If an insurer found an activity with growing evidence of health benefits,1-3 the chance to help seniors stay active,4 and a following that had grown by 16 million people in 4 years,5 would it make sense to pay for it?
That’s a question being asked about yoga, and the related practice of mindful meditation, as health systems seek low-cost ways to prevent and treat diabetes, obesity, and metabolic syndrome. Over the past decade, and especially in the past 3 years, evidence has accumulated about the benefits of yoga and mindfulness, which are rooted in Eastern spiritual practices but have soared in popularity in the West.5 Studies show that yoga can help people reduce waist circumference6,7 and body mass index (BMI),2,3,5,8 improve cognitive functioning9 and sleep,10,11 and reduce depression.3,9,11 There is some evidence that yoga can improve blood glucose levels,12 although results vary.2
Related to yoga is mindfulness, with a focus on meditation instead of gentle movement. A recent clinical trial that added mindfulness to 1 arm of a weight-loss intervention found that the group with mindfulness training lost a bit more weight, but showed significant improvements in fasting blood glucose.13 A proof-of-concept study recently found that an intervention combining exercise, yoga, and mindfulness meditation greatly reduced anxiety, depression, and stress.11
With all this evidence, why don’t more health plans pay for yoga and mindfulness? While there is interest—especially from the national health insurer Aetna—the very nature of these practices may make them a tough fit for payer reimbursement. Managed care seeks standardization, while the practice of yoga or mindfulness can vary widely by teacher or tradition. As influential teacher Bo Forbes, PsyD, asked in a 2010 commentary: Can yoga be part of managed care and still be yoga?14
Frederick Hecht, MD, research director for the Osher Center for Integrative Medicine at the University of California San Francisco, told Evidence-Based Diabetes Management™ (EBDM™) in an interview that while evidence of the health benefits of yoga and mindfulness is growing, more work is needed before managed care plans will consider reimbursement.

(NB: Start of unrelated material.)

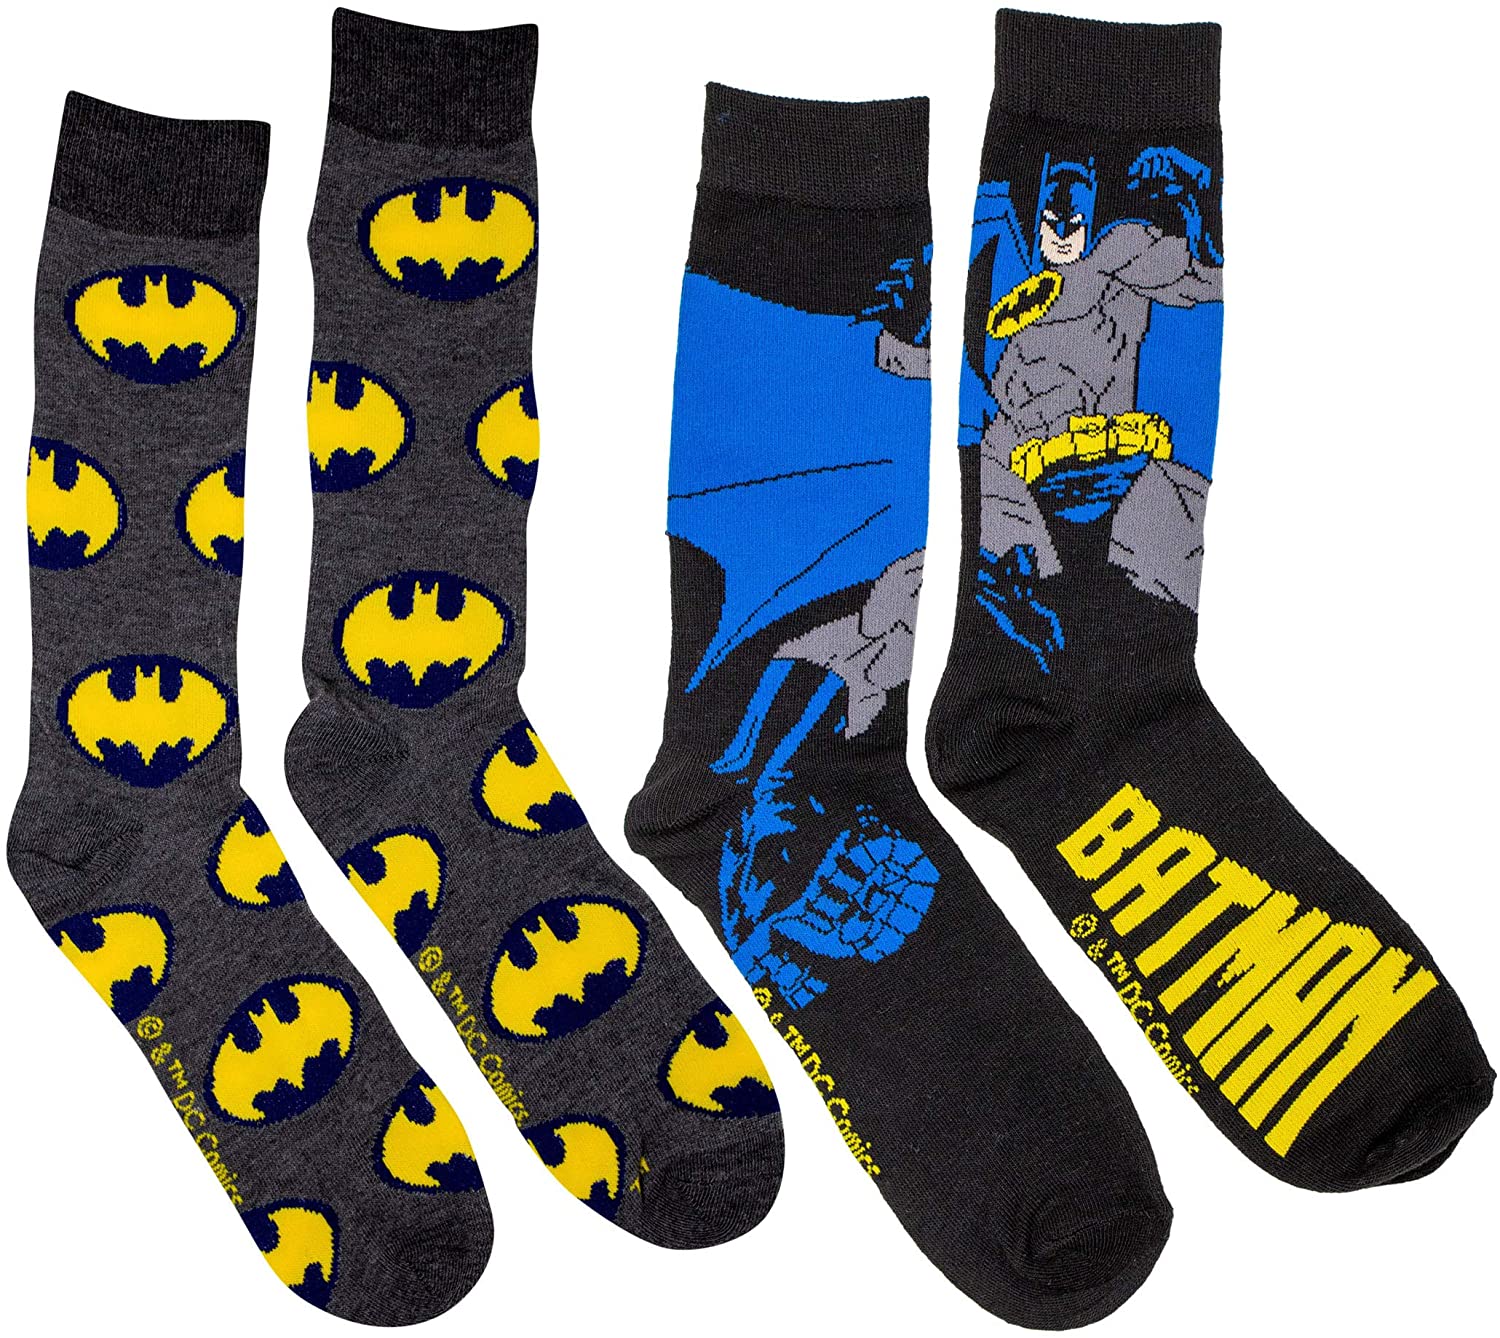 Batman Action Pose and Symbols 2-Pack Crew Socks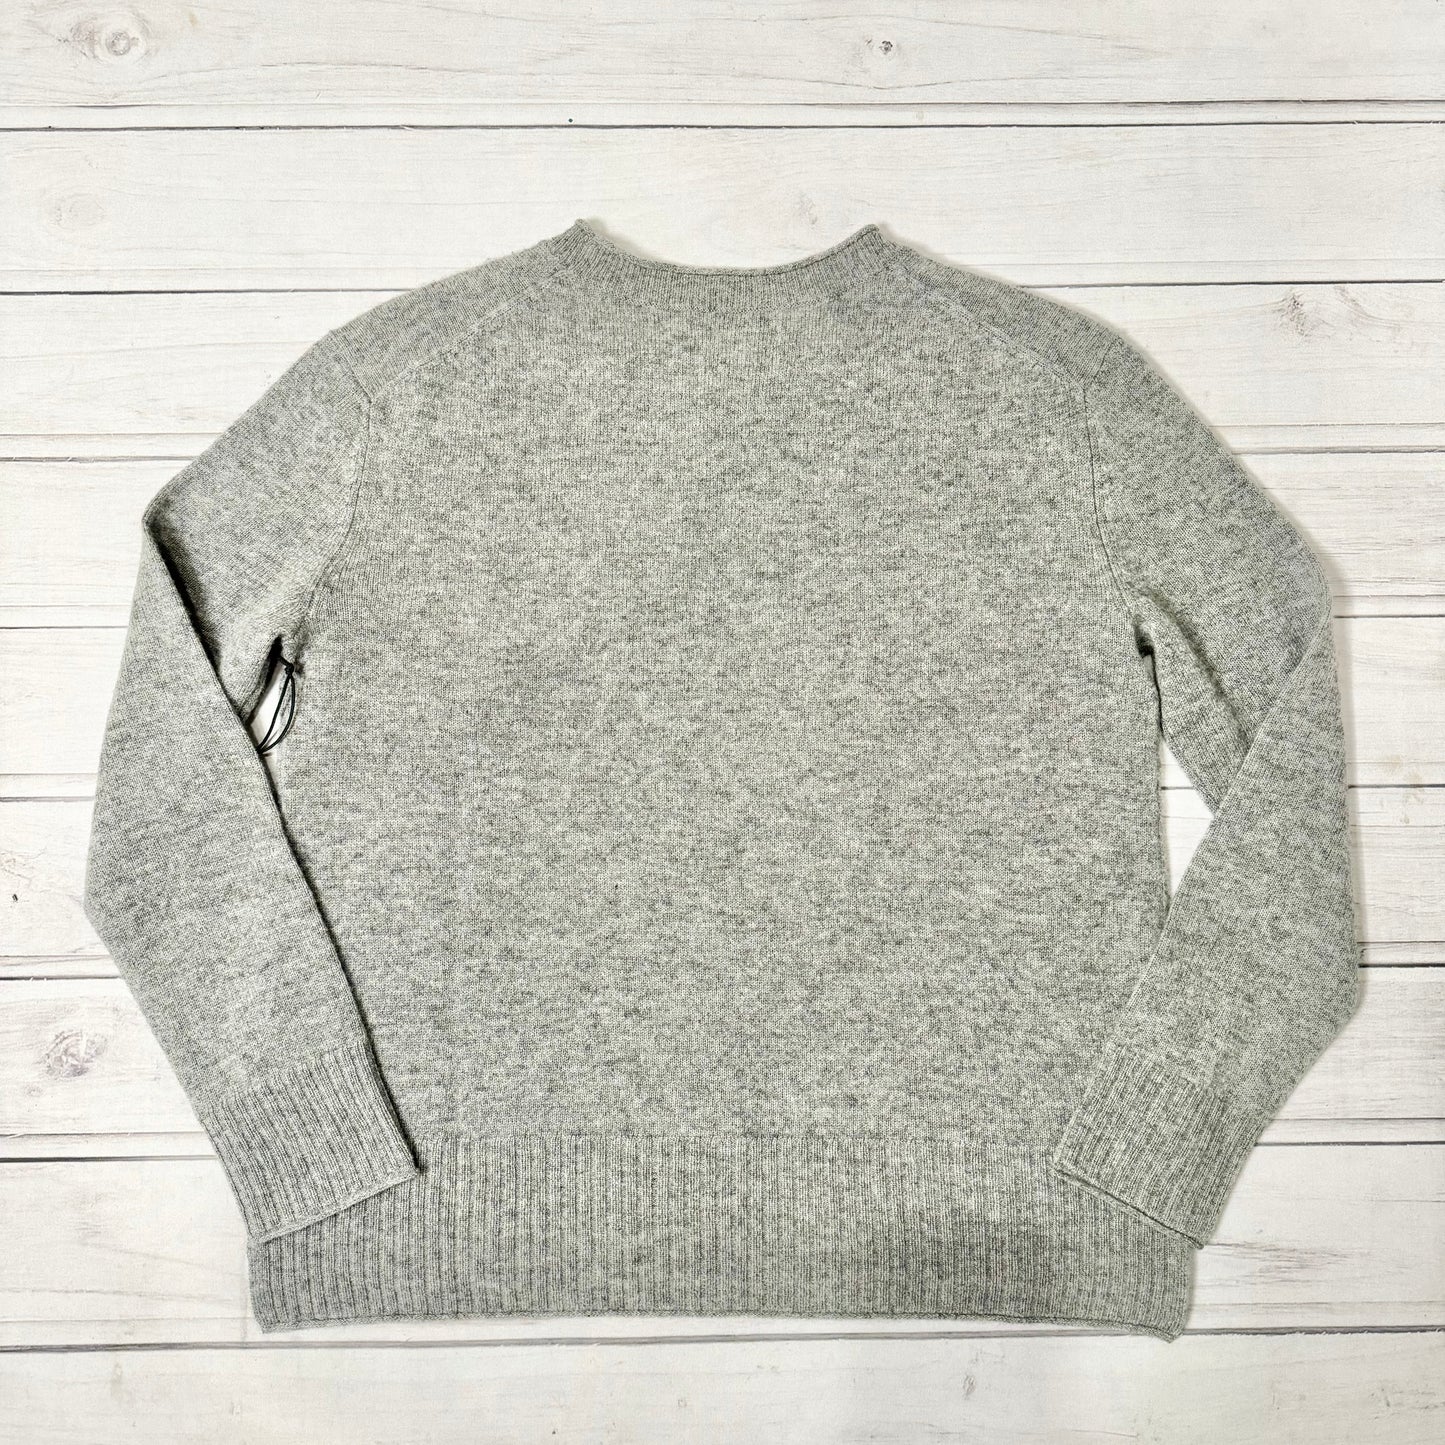 Sweater Designer By Rachel Zoe  Size: S

“I think it could be on the horizon,” Hecht said, but first, more randomized controlled trials are needed to show how the practices contribute to weight loss and glucose control. Hecht was the senior author on a recent study in Obesity that showed patients with mindfulness training achieved greater glycemic control than those without training, but variation among teachers made a difference. One instructor did poorly on student ratings compared with the other 2, and this instructor’s students lost less weight than those in the other 2 groups.13 “We’re trying approaches with our new work to see if we can get more consistent results,” he said in an interview. Before managed care would fund mindfulness, he said, “We have to ask, ‘How do we get the optimal results, consistently and reasonably?’“
In the short term, the best bet for healthcare dollars to cover yoga and mindfulness training may be through health savings accounts (HSAs). Both President Donald Trump and House Speaker Paul Ryan advocate support for HSAs in whatever legislation replaces the Affordable Care Act (ACA).15 Legislation will soon be reintroduced16 to allow HSAs to pay for physical activity, including yoga, according to Dani Mackey of Yoga Alliance, a nonprofit professional association.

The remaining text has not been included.